BaseTransformation: adds fit(), transform(), and fit_transform() to the base ABC; removes the legacy execute() method
BinTransformation: made stateful — fit() learns bin edges from training data and transform() reuses them on test/inference data, preventing data leakage
TransformationPipeline (renamed from TransformationExecutor): gains fit() and transform() methods; module renamed pipeline.py
FeatureEngineeringTransformer (new): a BaseEstimator/TransformerMixin that holds transformation configs and is fully compatible with sklearn Pipeline, GridSearchCV, clone(), and joblib. Supports save()/load() via JSON
LLMFeatureEngineer: adds to_transformer() to export selected features to a FeatureEngineeringTransformer; removes save()/load() (serialization now belongs to the production transformer)

Docs and examples:

User guide, API reference, and examples updated to document the two-phase workflow and FeatureEngineeringTransformer
Tutorial notebook updated with a new "Production Pipeline" section showing to_transformer() → Pipeline → save()/load()

Test plan

All 151 existing tests pass (poetry run pytest)
New tests cover: BaseTransformation fit/transform interface, stateful BinTransformation (fit stores edges, transform reuses them), FeatureEngineeringTransformer sklearn compatibility (get_params, set_params, clone, NotFittedError, Pipeline), save/load roundtrip, and to_transformer() on LLMFeatureEngineer
Notebook re-executed end-to-end with fresh outputs

- Add fit(), transform(), fit_transform() to BaseTransformation; make transform() abstract and execute() a concrete backwards-compat alias that delegates to fit_transform() - Rename execute() → transform() in UnaryTransformation and BinaryArithmeticTransformation so they satisfy the new abstract method

Override fit() to learn bin edges from training data (n_bins mode) or store custom edges (bin_edges mode). _apply_operation() uses bin_edges_ when set, falling back to _bins for the one-shot execute() path.

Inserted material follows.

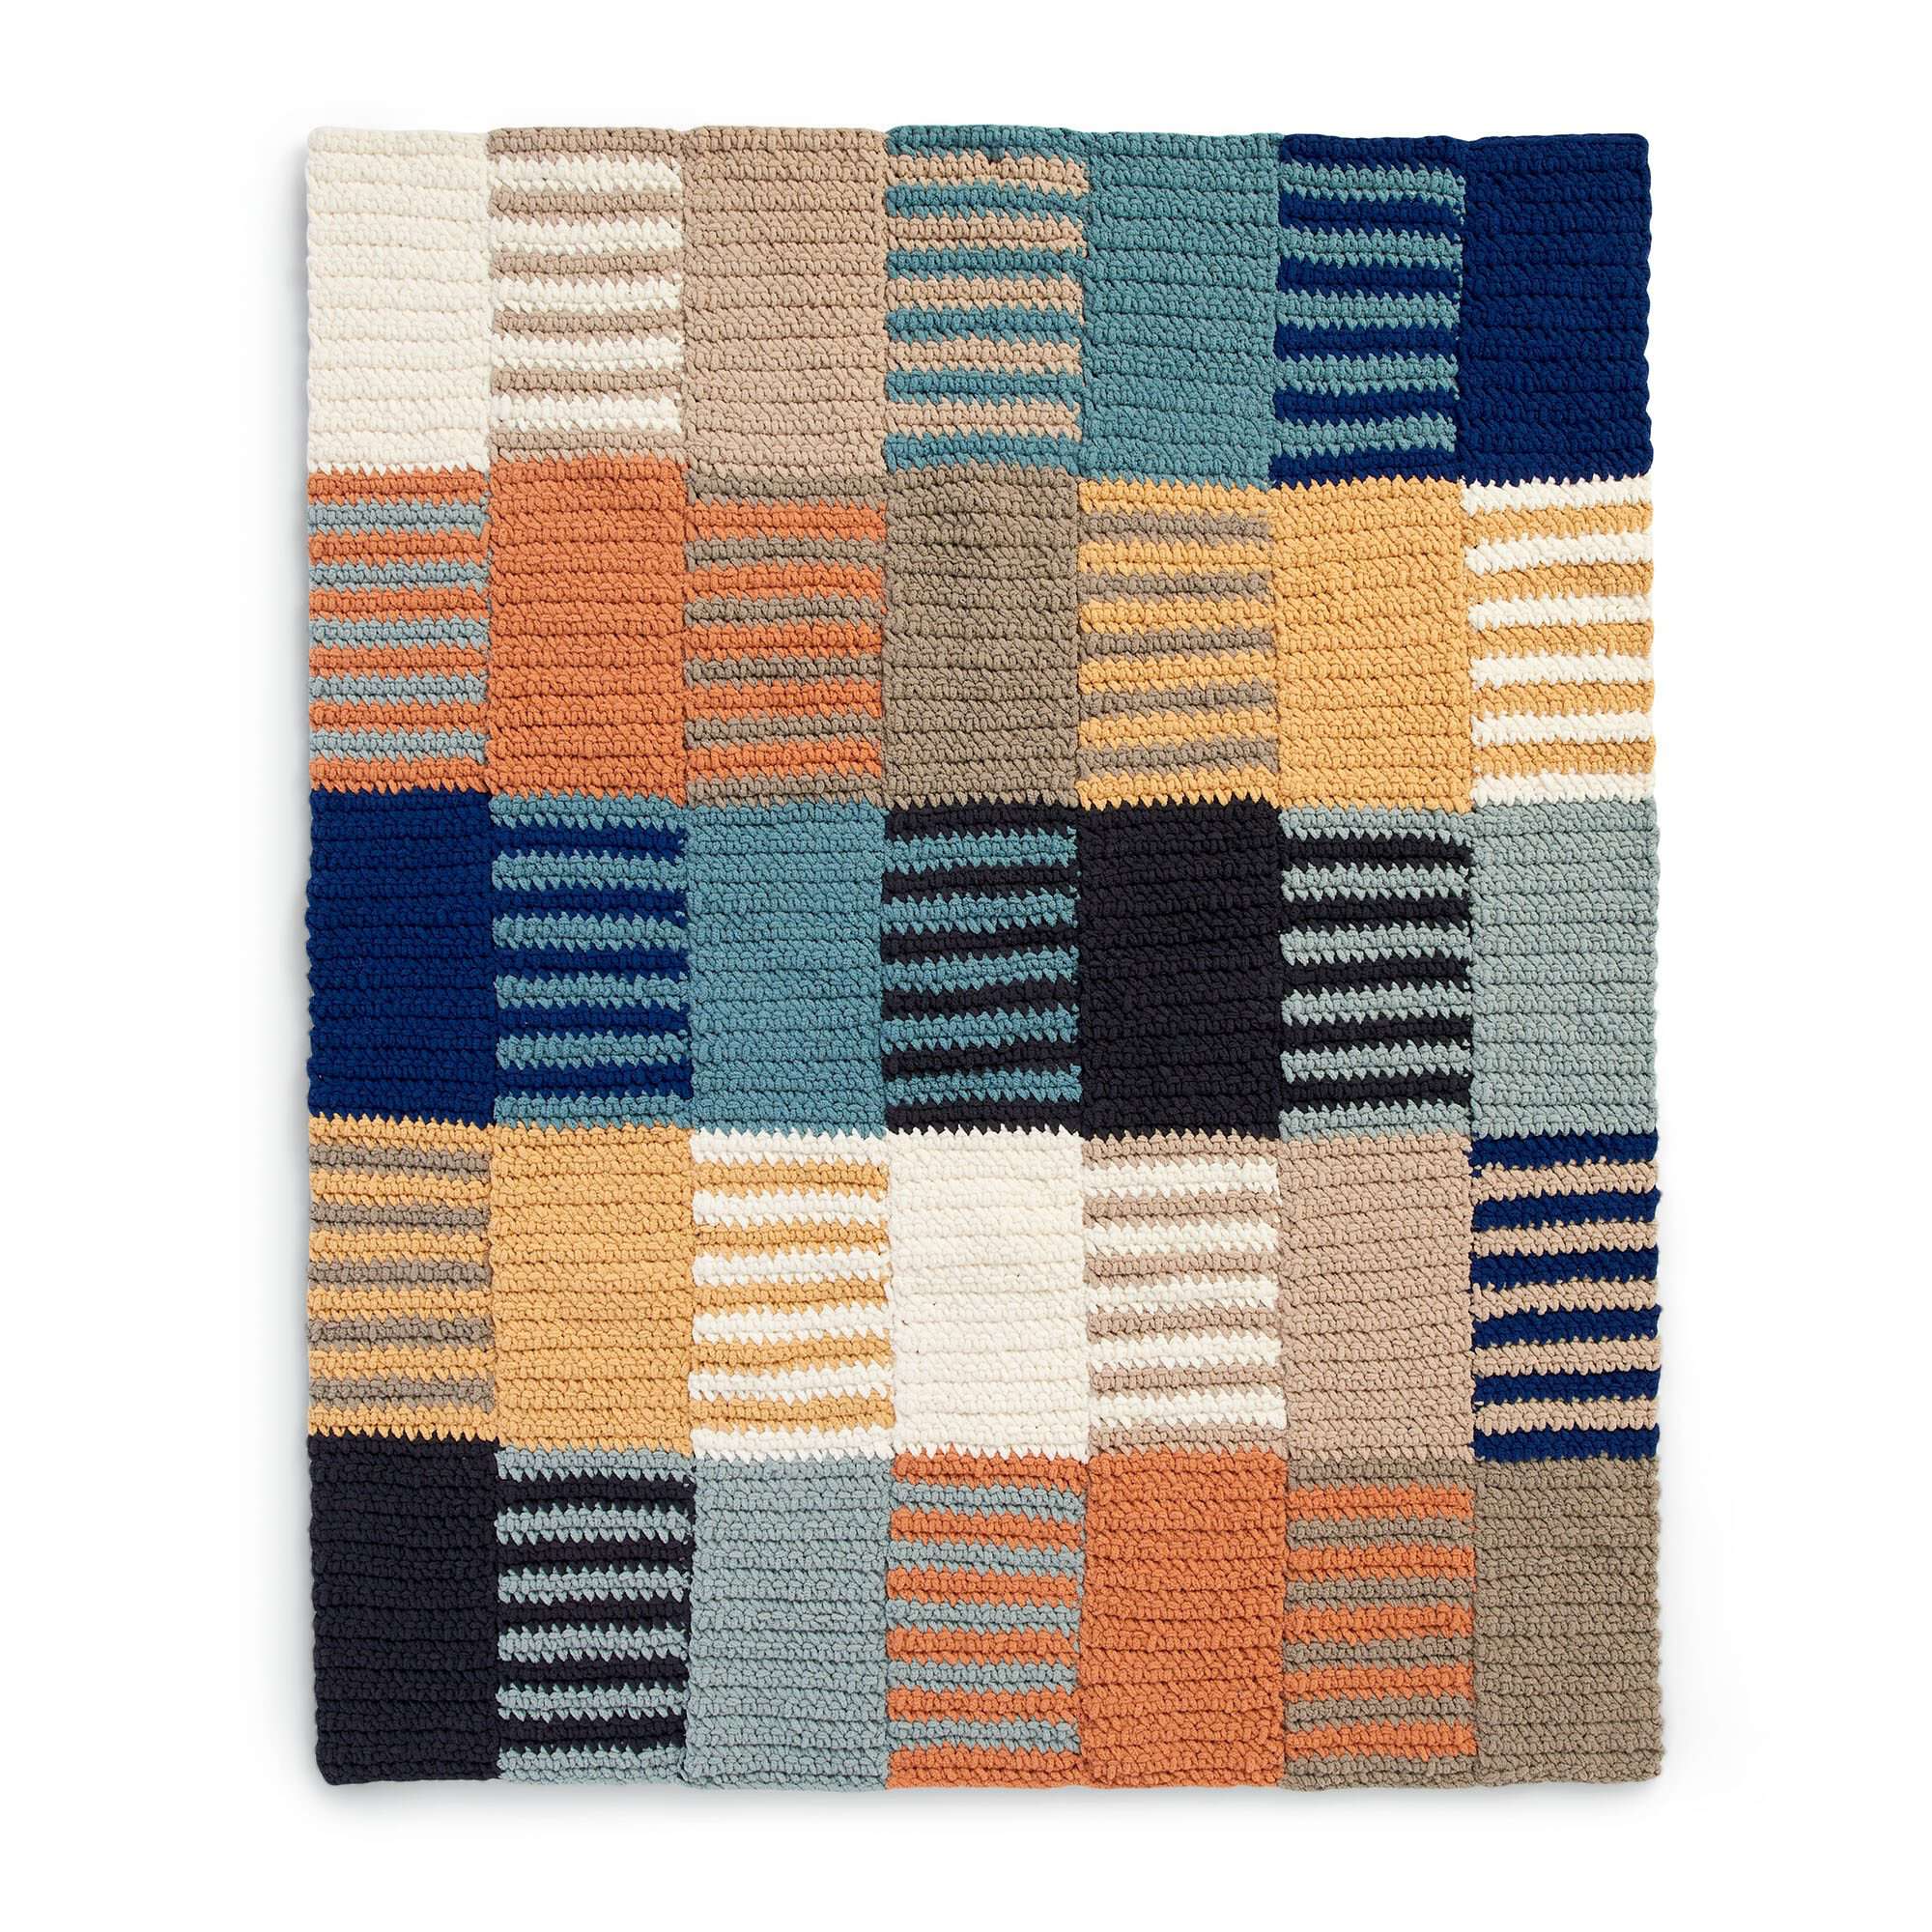 Bernat Interlocking Color Block Crochet Blanket | Yarnspirations

- fit(): iterates transformations calling t.fit(df), same raise_on_error handling as execute() - transform(): iterates calling t.transform(df), builds result DataFrame the same way execute() does - execute() unchanged for backwards compatibility

- FeatureTransformer(BaseEstimator, TransformerMixin) with explicit __init__ params (transformations, feature_prefix, raise_on_error) - fit() builds and fits a TransformationExecutor, stores feature_names_in_ - transform() delegates to executor_.transform() after check_is_fitted() - get_feature_names_out() returns original + generated column names - save()/load() as straightforward JSON I/O of constructor params - Export FeatureTransformer from skfeaturellm.__init__

…it_transform - Add to_transformer(features=None): builds a FeatureTransformer from successfully generated features, with optional name filtering (accepts names with or without the feature_prefix) - Remove save() and load(): serialization now belongs to FeatureTransformer - Remove fit_transform() override: the inherited TransformerMixin.fit_transform correctly passes y and **fit_params through to fit() - Remove corresponding save/load tests from test_feature_engineer.py

…reTransformer, to_transformer - test_executor.py: add executor.fit()/transform() tests including error handling for missing columns (raise and warn paths) - test_unary.py, test_binary.py: add fit(df).transform(df) == execute(df) parity tests and fit() returns-self tests - test_binning.py: add stateful fit/transform tests — bin_edges_ None before fit, n_bins and custom edges stored at fit time, transform reuses fitted edges without recomputing, execute() legacy path still works - test_feature_transformer.py: new file covering fit/transform, NotFittedError, get_params/set_params, clone, get_feature_names_out, Pipeline use, save/load JSON roundtrip - test_feature_engineer.py: add to_transformer() tests — raises before fit, returns FeatureTransformer with correct configs, filters by prefixed and unprefixed feature names

- Remove BaseTransformation.execute() — fit_transform() is the canonical single-call interface - Remove TransformationExecutor.execute() — callers use fit(df).transform(df) - Update feature_engineer.py to use executor.fit(X).transform(X) - Replace all t.execute(df) → t.fit_transform(df) in tests - Replace all executor.execute(df) → executor.fit(df).transform(df) in tests - Convert "matches_execute" parity tests into standalone fit/transform tests

…executor.py → pipeline.py

Renamed class, module (feature_transformer.py → feature_engineering_transformer.py), and test file (test_feature_transformer.py → test_feature_engineering_transformer.py). Updated all import paths and references across the codebase.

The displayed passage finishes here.